IOctopus: Outsmarting Nonuniform DMA

Session: Smart peripherals--Outside the box.

Authors: Igor Smolyar (Technion--Israel Institute of Technology and VMware Research); Alex Markuze (Technion--Israel Institute of Technology); Boris Pismenny (Technion--Israel Institute of Technology and Mellanox); Haggai Eran (Technion--Israel Institute of Technology and Mellanox); Gerd Zellweger (VMware Research); Austin Bolen (Dell); Liran Liss (Mellanox Technologies); Adam Morrison (Tel Aviv University); Dan Tsafrir (Technion--Israel Institute of Technology and VMware Research)
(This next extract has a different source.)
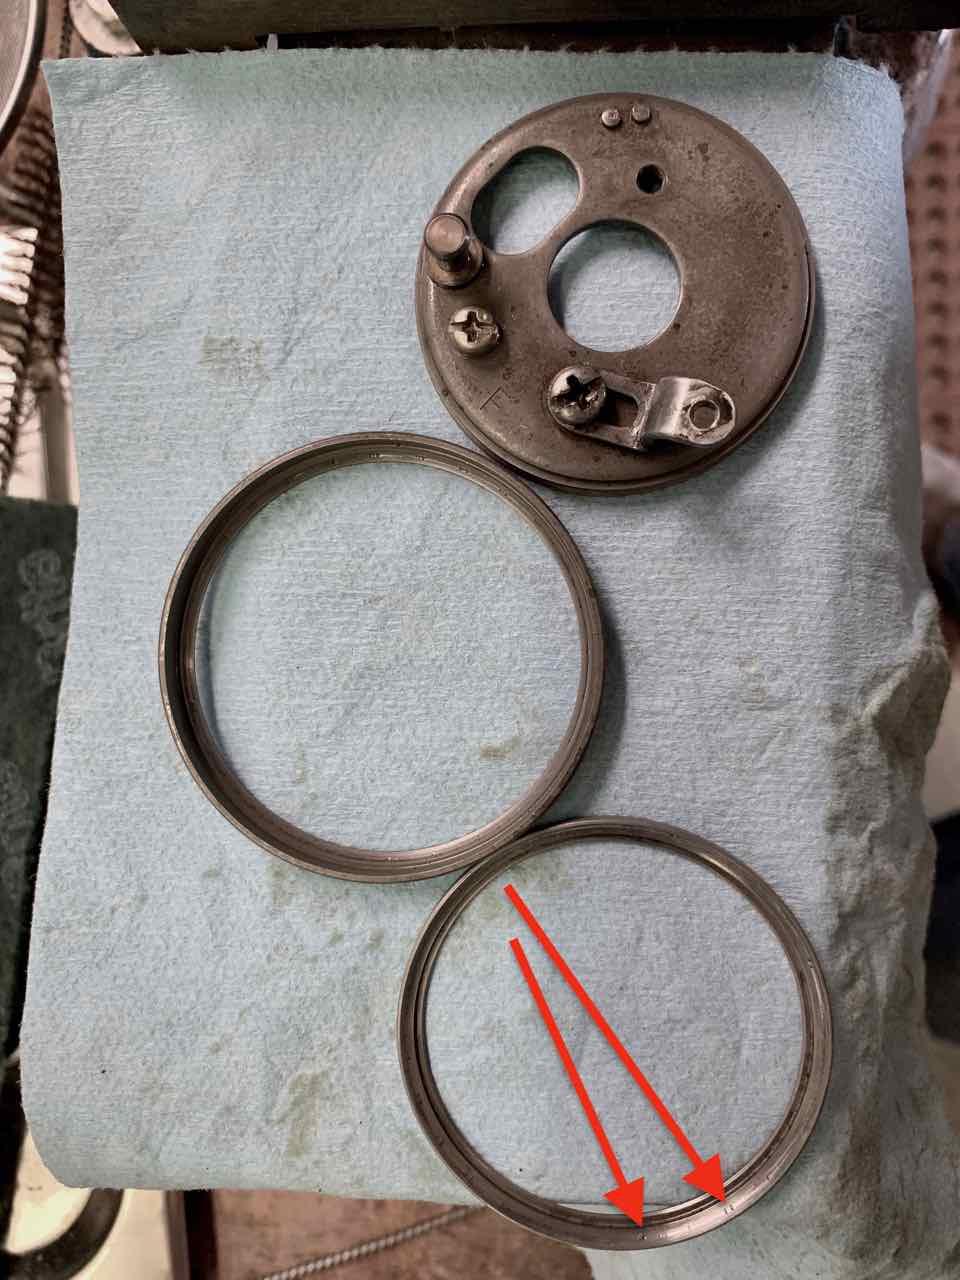 fj40 breaker plate 4 (1).jpg

In a multi-CPU server, memory modules are local to the CPU to which they are connected, forming a nonuniform memory access (NUMA) architecture. Because non-local accesses are slower than local accesses, the NUMA architecture might degrade application performance. Similar slowdowns occur when an I/O device issues nonuniform DMA (NUDMA) operations, as the device is connected to memory via a single CPU. NUDMA effects therefore degrade application performance similarly to NUMA effects. We observe that the similarity is not inherent but rather a product of disregarding the intrinsic differences between I/O and CPU memory accesses. Whereas NUMA effects are inevitable, we show that NUDMA effects can and should be eliminated. We present IOctopus, a device architecture that makes NUDMA impossible by unifying multiple physical PCIe functions--one per CPU--in manner that makes them appear as one, both to the system software and externally to the server. IOctopus requires only a modest change to the device driver and firmware. We implement it on existing hardware and demonstrate that it improves throughput and latency by as much as $2.7\times$ and $1.28\times$, respectively, while ridding developers from the need to combat (what appeared to be) an unavoidable type of overhead.